Japanese animation studio

Ordet Co., Ltd. (株式会社オース, Kabushiki-gaisha Ōsu) was a Japanese animation studio, founded in 2007 by ex-Kyoto Animation director Yutaka Yamamoto and other staff. The company's name, "Ordet," means "the word" in Danish, Swedish, and Norwegian. The company initially served as a subcontractor before producing their first fully solo work, an OVA episode of Black Rock Shooter, which aired in the spring of 2010. This was followed up with an 8-episode series that aired on noitamina from February 2, 2012, to March 22, 2012. In 2011, with studios Sanzigen and Trigger, Ordet joined the Ultra Super Pictures joint holding company.

==Business==
Ordet was founded in 2007 by Yutaka Yamamoto after being fired by his former employer Kyoto Animation during the production of Lucky Star. After Lucky Star completed its run, several members of the Kyoto Animation staff left the company and followed Yamamoto.

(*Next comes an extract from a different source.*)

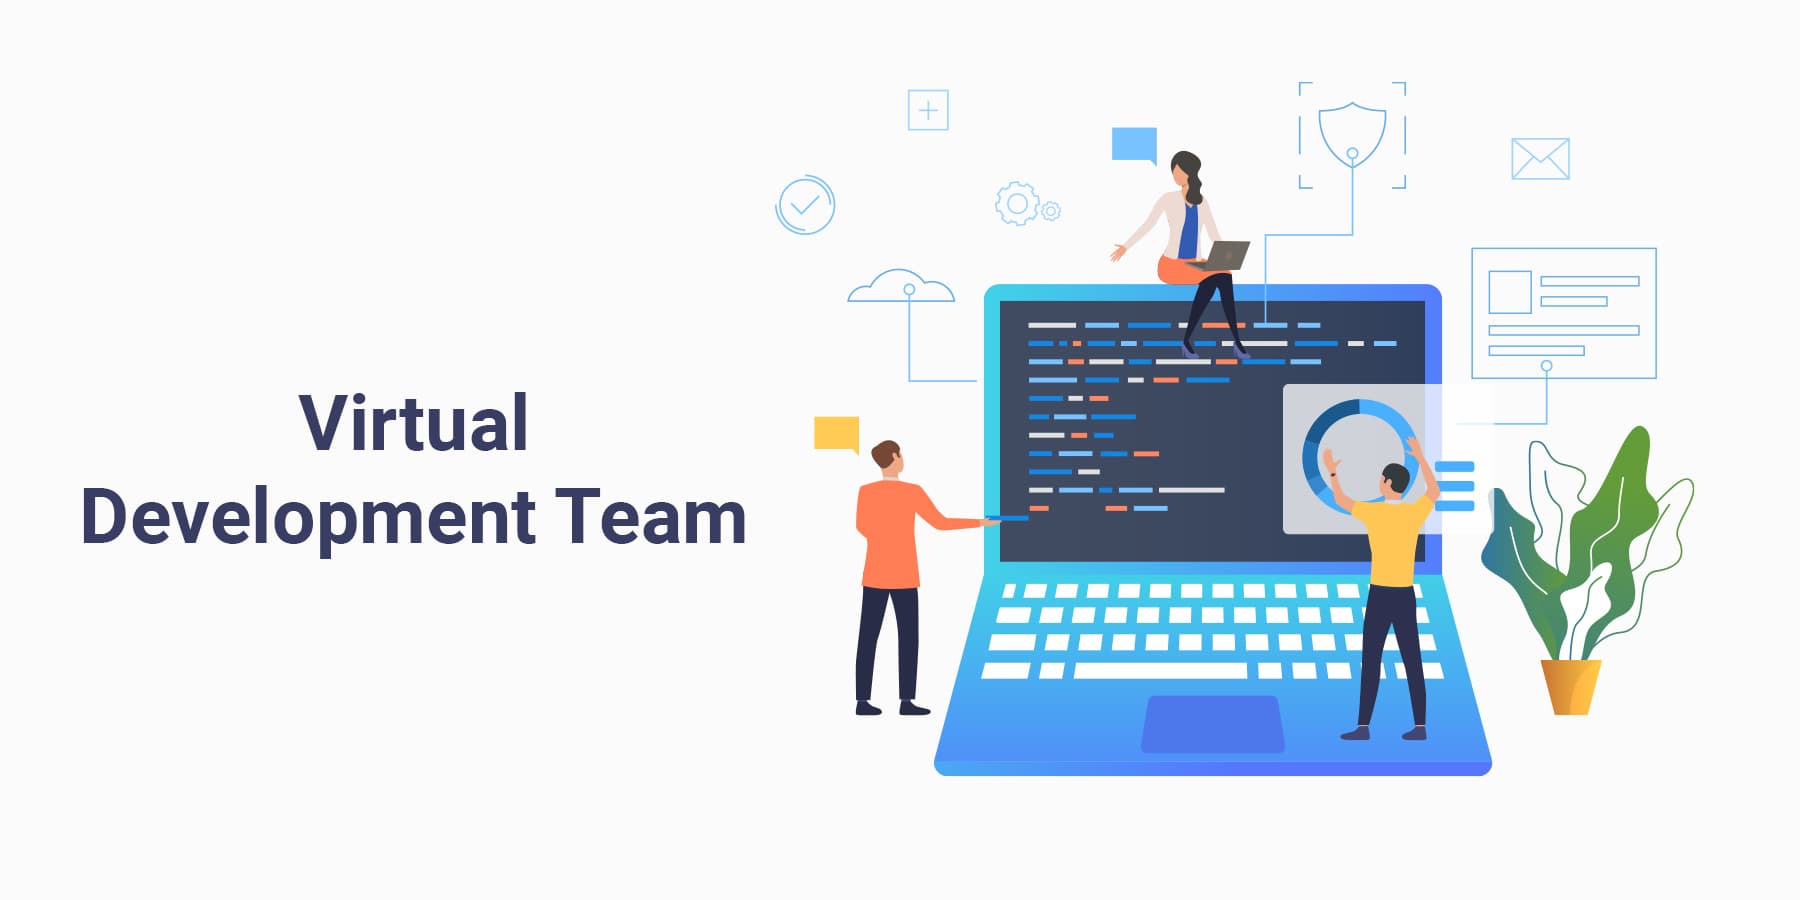 The Beauty of A Virtual Development Team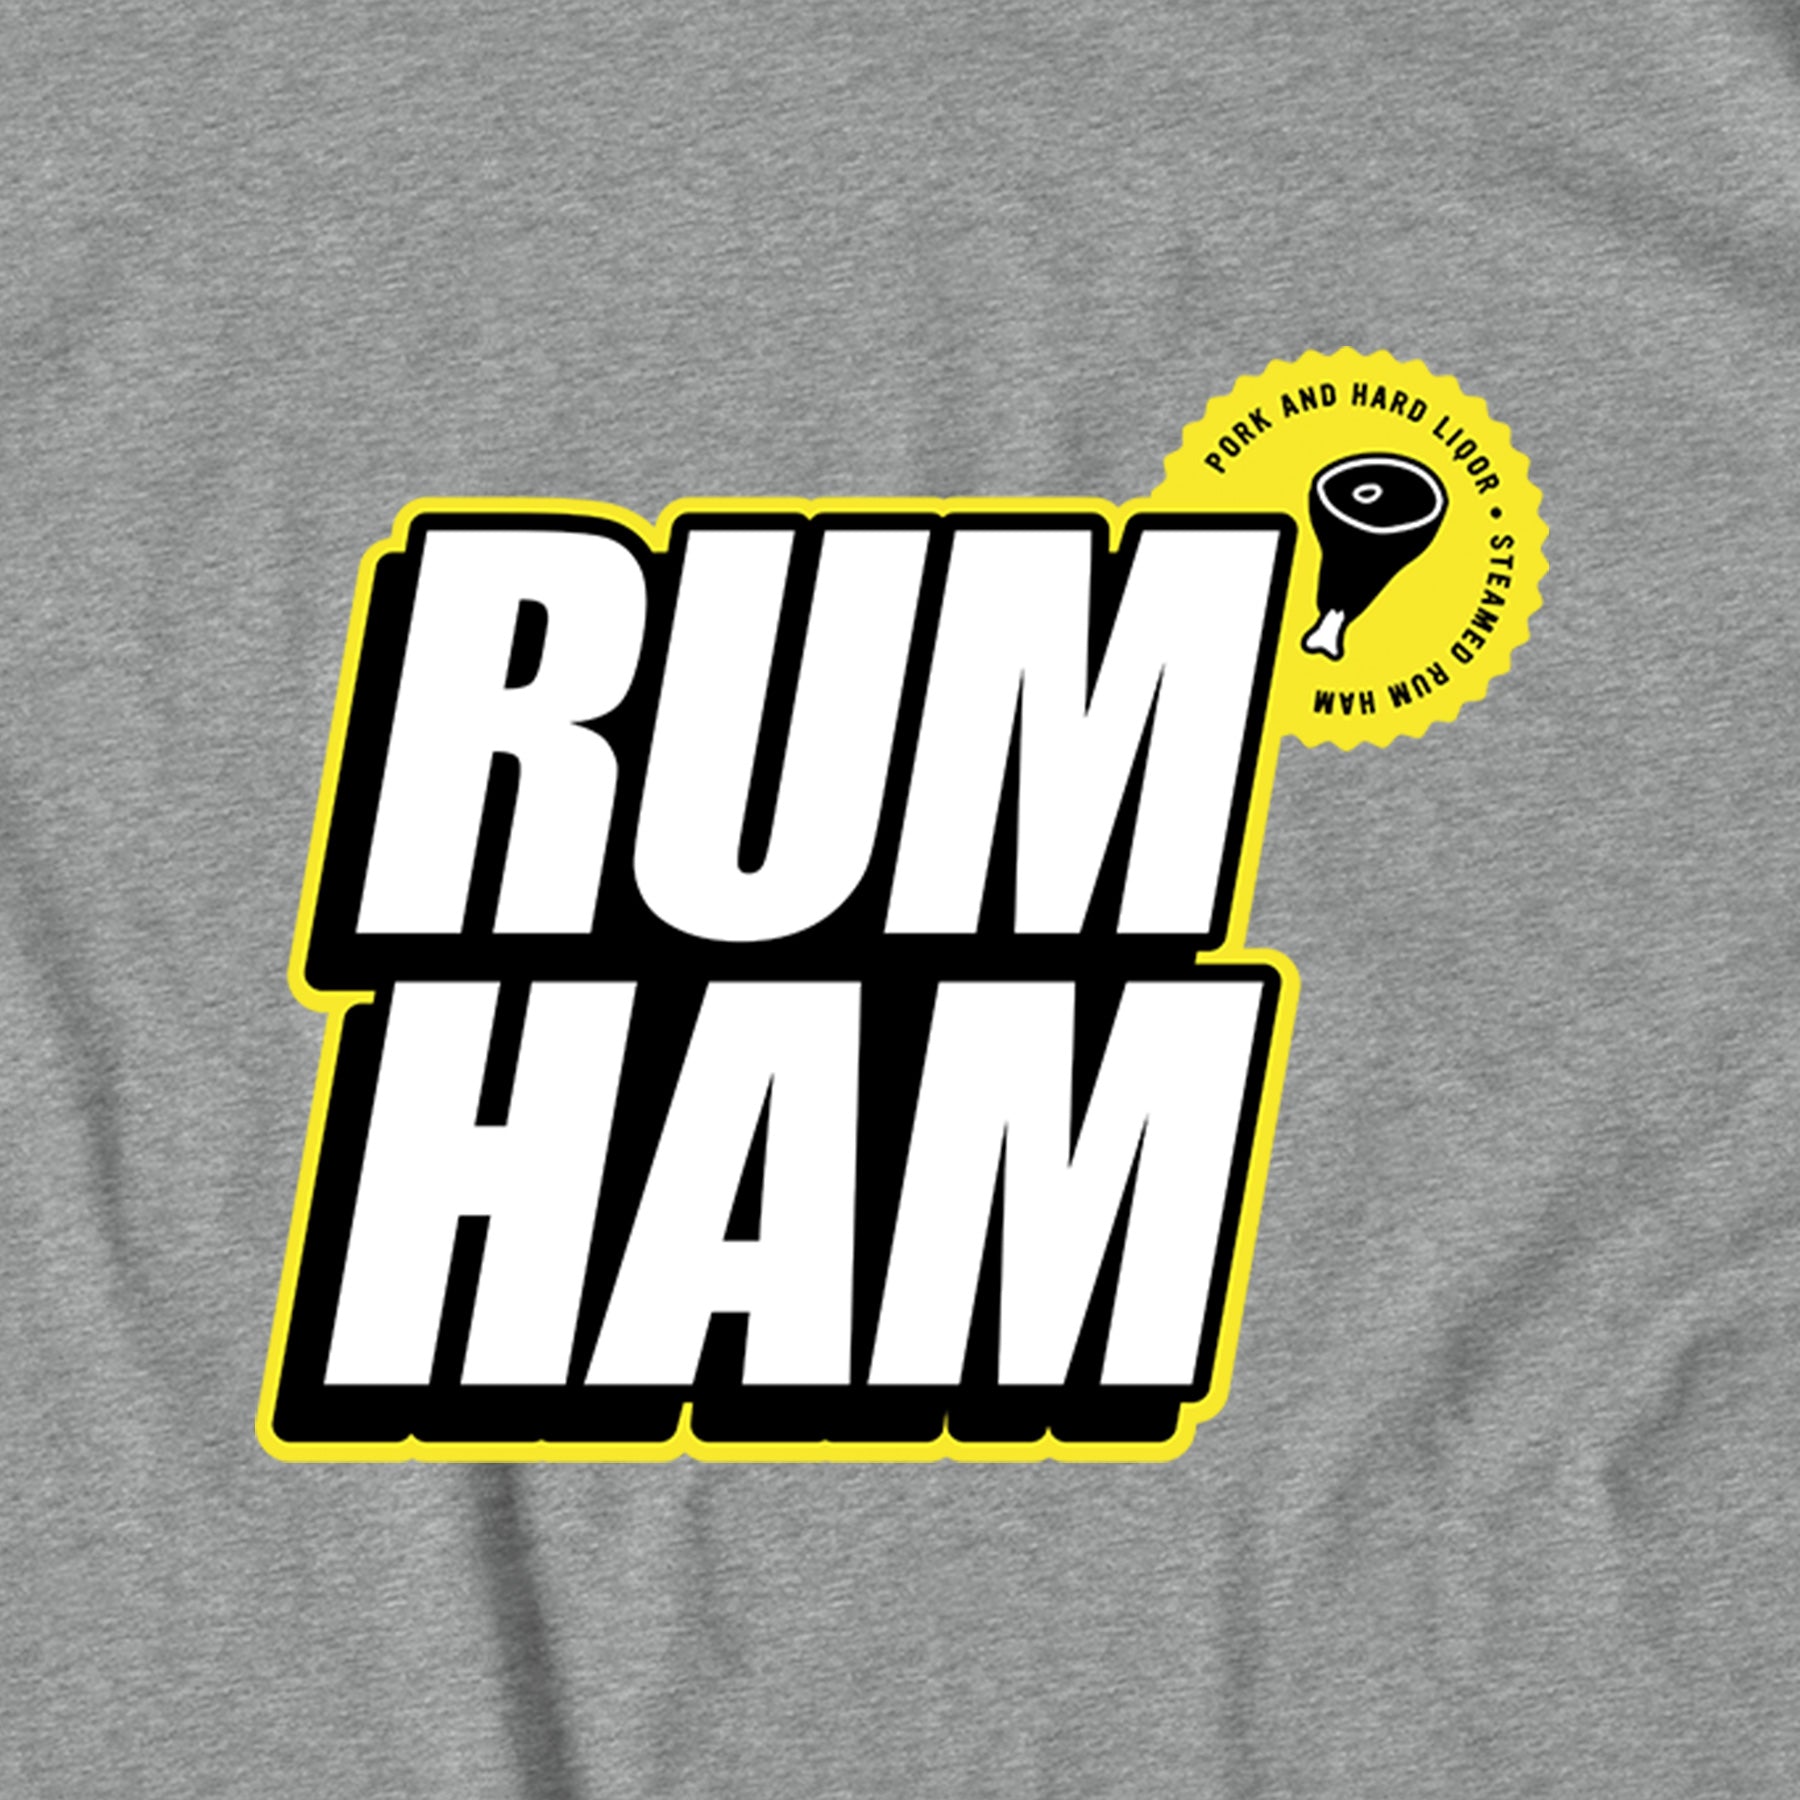 Rum Ham T-Shirt T-Shirt - Heather

Together, they founded Ordet with approximately ¥ 3 million of capital stock. On March 1, 2025, Ordet shuttered its operations and was folded into USP.

==Staff==

- Former staff
- Yutaka Yamamoto - Company representative director, founder, staff director
- Shinobu Yoshioka - Staff director
- Satoshi Kadowaki - Animation director, key animator
- Emi Kesamaru - Art settings, background artist
- Yoko Takada - Key animator

==Works==
===TV series===
- Kannagi: Crazy Shrine Maidens (2008, production co-operation, animation production by A-1 Pictures)
- Fractale (2011, production co-operation, animation production by A-1 Pictures)
- Black Rock Shooter (2012, with Sanzigen)
- Senyu (2013, with Liden Films)
- Senyu 2 (2013, with Liden Films)
- Wake Up, Girls! (2014, with Tatsunoko Production)

===Films===
- Wake Up, Girls! - Seven Idols (2014, with Tatsunoko Production)
- Wake Up, Girls! Seishun no Kage (2015, with Millepensee)
- Wake Up, Girls! Beyond the Bottom (2015, with Millepensee)

===OVAs===
- Kannagi: Crazy Shrine Maidens (2009, production co-operation, animation production by A-1 Pictures)
- Black Rock Shooter (2010)
- Miyakawa-ke no Kūfuku (2013, with Encourage Films)

===ONAs===
- Blossom (2012)
- Wake Up, Girl ZOO! (2014–2015, with Studio Moriken)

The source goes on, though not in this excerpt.